2 pointsby bozbuilds6 hours ago2 comments
  • bozbuilds6 hours ago
    Aingram was created to be a local-first memory layer for AI agents/loops. The original intent was for agent memory to use with Karpathy's autoresearch loop, but it's ended up being very capable in general. It stores structured reasoning that will persist across your sessions, which allows separate agents to coordinate tasks, as well as piggy-back off of each other's research loops.

    There's just one SQLite file for storage. There's no server, no API, no cloud dependencies. The retrieval mechanism uses a few different systems: FTS5 for keyword matching, sqlite-vec for semantic similarity using nomic-embed-text-v1.5, a QJL two-pass vector compression layer which helps to keep latency manageable for larger databases, and knowledge graph traversal (recursive CTEs) if you want entity-linked results. Those signals are processed via reciprocal ranked fusion, re-ranked, and then give the search results. Everything in the pipeline runs locally.

    Benchmarked with LongMemEval, the oracle split gave a recall@3 of 1.000. On LongMemEval S split, recall@10 was 0.955. Median retrieval latency was 22ms/27ms on oracle/s splits respectively, on a laptop with an RTX 4060. The library has an Apache 2.0 license. There's also a 'Pro' tier in development with added optimization features. Let me know what you think!

    pip install aingram

    GitHub: [https://github.com/bozbuilds/AIngram] | [https://aingram.dev]

    • 6 hours ago
      undefined
  • bozbuilds6 hours ago
    A bit of background on why I built this, rather than extending an existing library:

    Mem0, Letta, Zep, etc, all target memory as 'personalization' or 'personal context' — they store user preferences, conversation history, individual agent state. None of them use reasoning structure, or are designed for multi-agent memory sharing. The problem I tried to solve was that my agent loops know what changed, but not why it worked or failed.
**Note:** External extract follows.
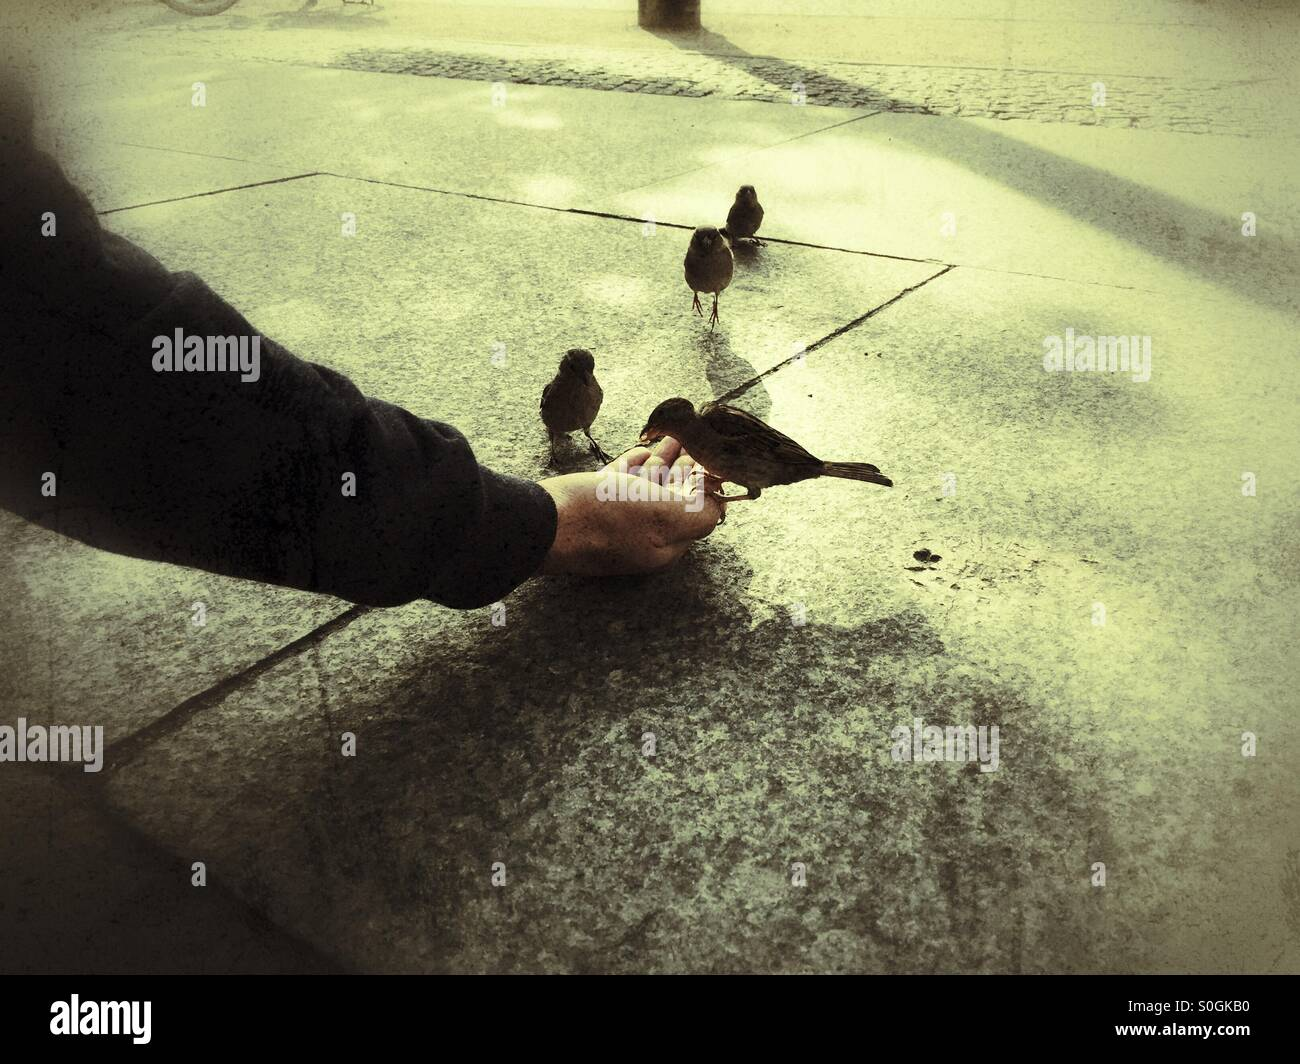 Uomo passero alimentazione di uccelli selvatici Immagini Stock

    The retrieval architecture ended up being an interesting engineering problem. Three signals (FTS5, QJL-accelerated sqlite-vec cosine similarity, knowledge graph traversal) are each fast independently, but are for different things. FTS5 is fast and exact. Vector search handles semantic similarity. The knowledge graph surfaces entries connected to entities, even when there's no semantic overlap. RRF fuses the three ranked lists. This hybrid consistently outperforms any single signal on recall quality.

    Happy to go deep on any of the architectural decisions.